01/06/2026
I've been sitting with today's social housing announcement and I keep coming back to the same thought: this policy has been designed around numbers on a spreadsheet, not around people.
Let me tell you what I see.
Social housing is not where people choose to live — it's where they end up when every other door has closed. The private rental market has already rejected them: their income is too low, their history too complicated, their family too large. For these New Zealanders, social housing is not a stepping stone. It is the floor.
Today the Government decided to charge them more for it. From April next year, minimum rent contributions rise from 25% to 30% of income. For 84,000 households, that's an average of $31 more a week. I want you to think about what $31 means when you have nothing to spare. It doesn't get absorbed. It becomes debt. And debt, for people already at the edge, has consequences that ripple through families for years.
The redesigned needs assessment will funnel the most complex, highest-needs people into social housing — but without any additional funding for the wraparound support that makes tenancies work.

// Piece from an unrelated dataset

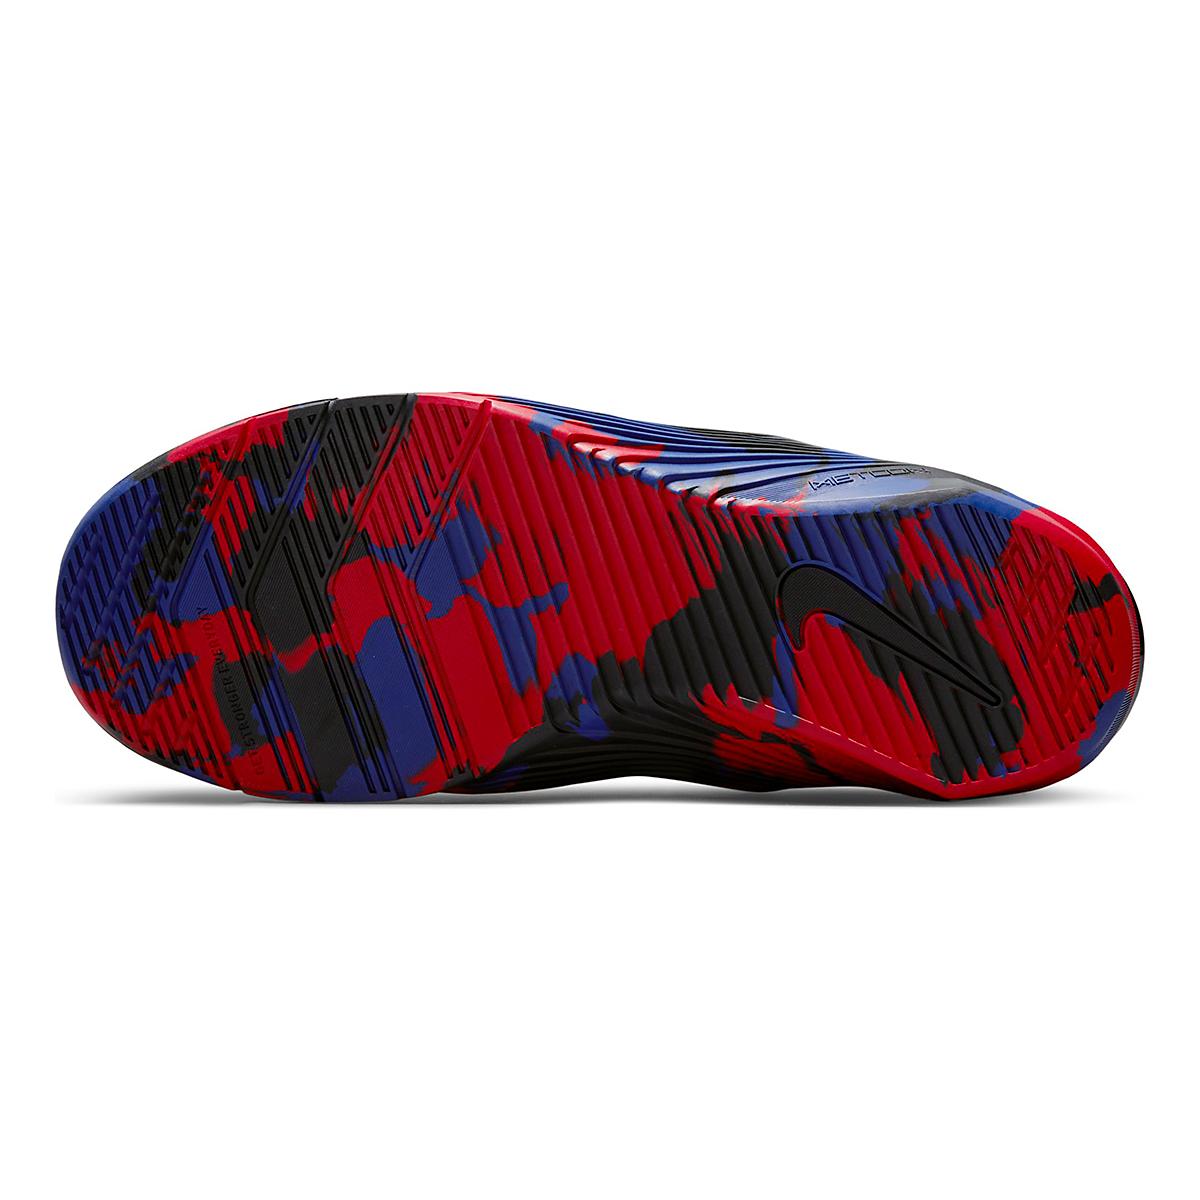 Men's Nike Metcon 6 Training Shoe - Color: White/Black/Gym Red/Deep Royal Blue - Size: 4 - Width: Regular, White/Black/Gym Red/Deep Royal Blue, large, image 3

We are being asked to house the hardest cases with fewer resources to support them.
And then there are duration limits. The Government's own data shows these people cannot access the private market. Putting a time limit on their tenancy doesn't create a pathway out. It creates a deadline — and on the other side of that deadline is the street.
I also want to speak up for the community housing providers — the charities, trusts, and iwi — who stepped forward when the state couldn't do this alone. They invested their own money, built homes, and signed long-term contracts in good faith. They were not consulted before today's announcement. They find out the same way everyone else does — through the news.
That's a profound breach of trust with organisations that took a risk to help solve a public problem.
Good housing policy creates stability. Stability creates everything else — health, education, employment, family wellbeing. What was announced today undermines all of that, and shifts the cost onto the people and organisations least equipped to bear it.
I'll keep saying this until someone listens.